**The problem:**
Would you transcribe the listing exactly as it stands, minus any images?

*** Raw data

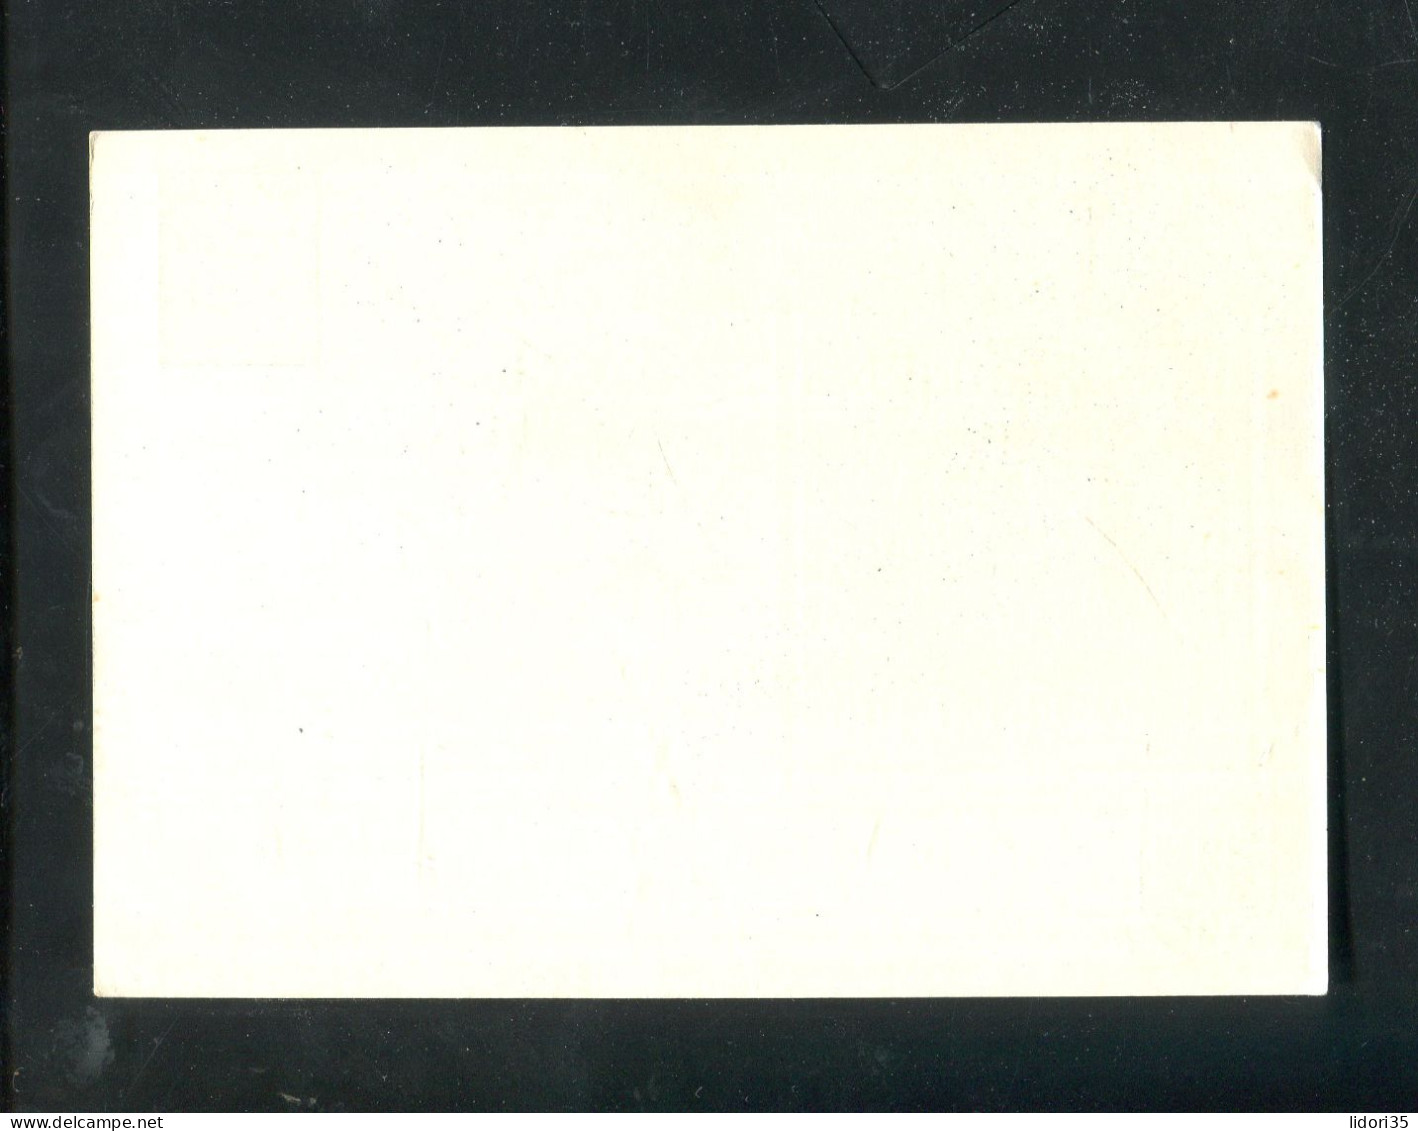 "DEUTSCHES REICH" 1939, Privat-Postkarte "45. Deutscher Philatelistentag Muenchen" ** (70139) - Interi Postali Privati
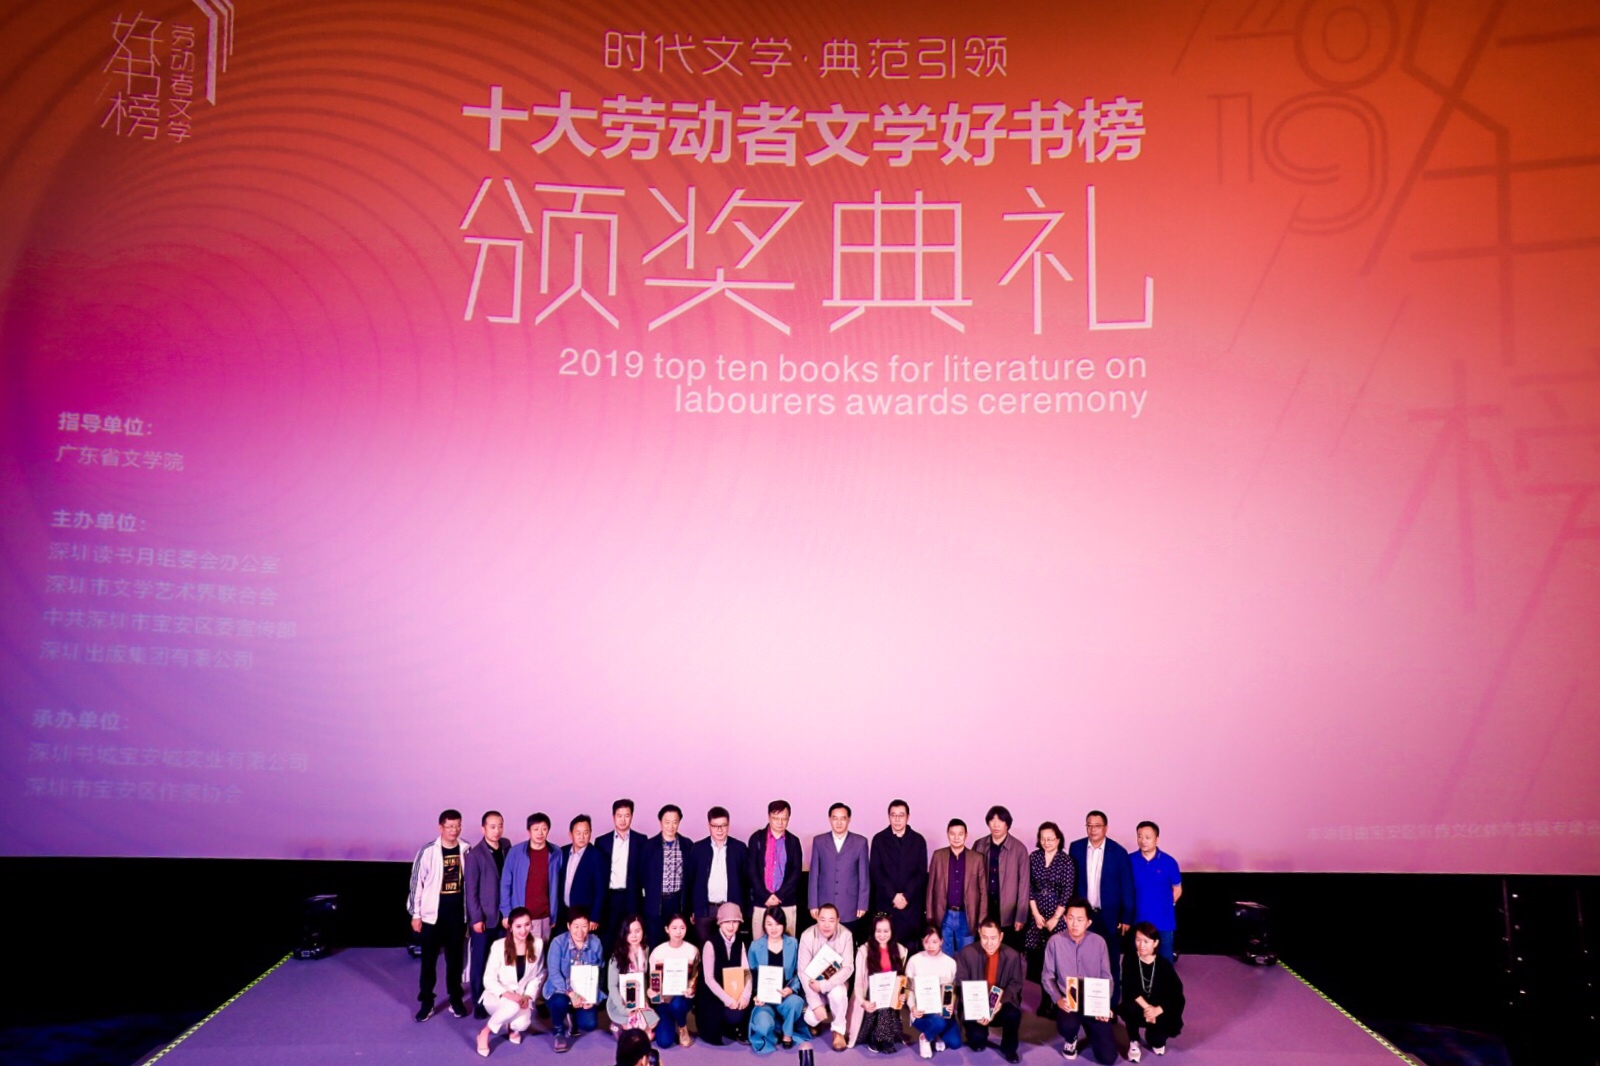 第二届“全国劳动者文学好书榜”在深圳颁奖
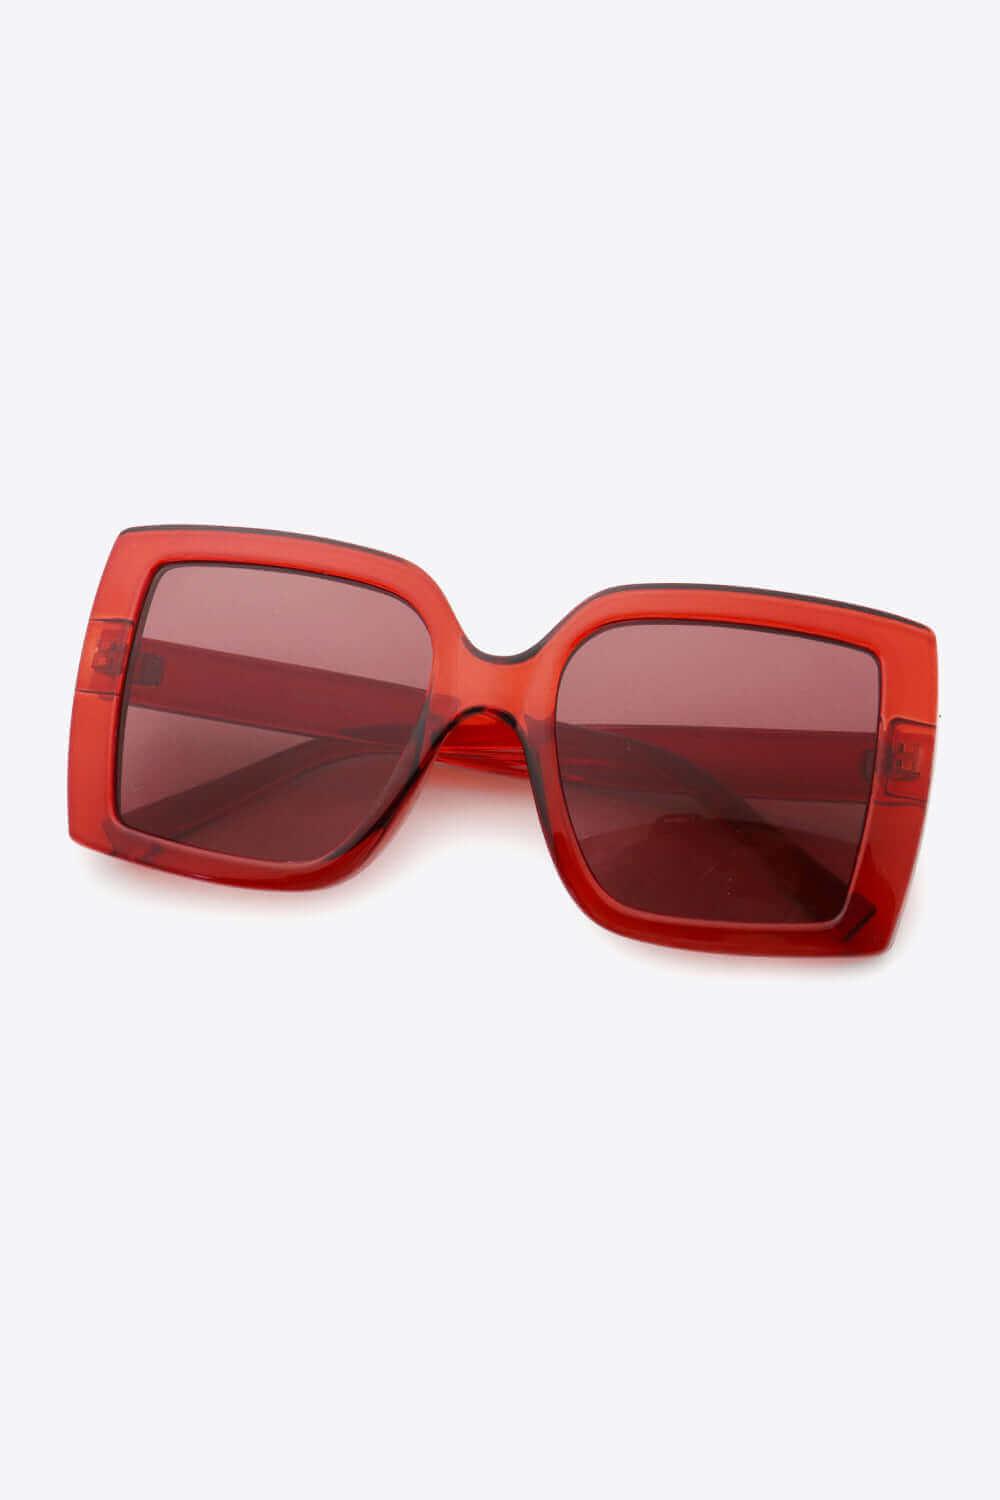 Elegant Acetate Lens Square Sunglasses - Samslivos

******

**Result:**
 "DEUTSCHES REICH" 1939, Privat-Postkarte "45. Deutscher Philatelistentag Muenchen" ** (70139) - Interi Postali Privati
 第二届“全国劳动者文学好书榜”在深圳颁奖
 Elegant Acetate Lens Square Sunglasses - Samslivos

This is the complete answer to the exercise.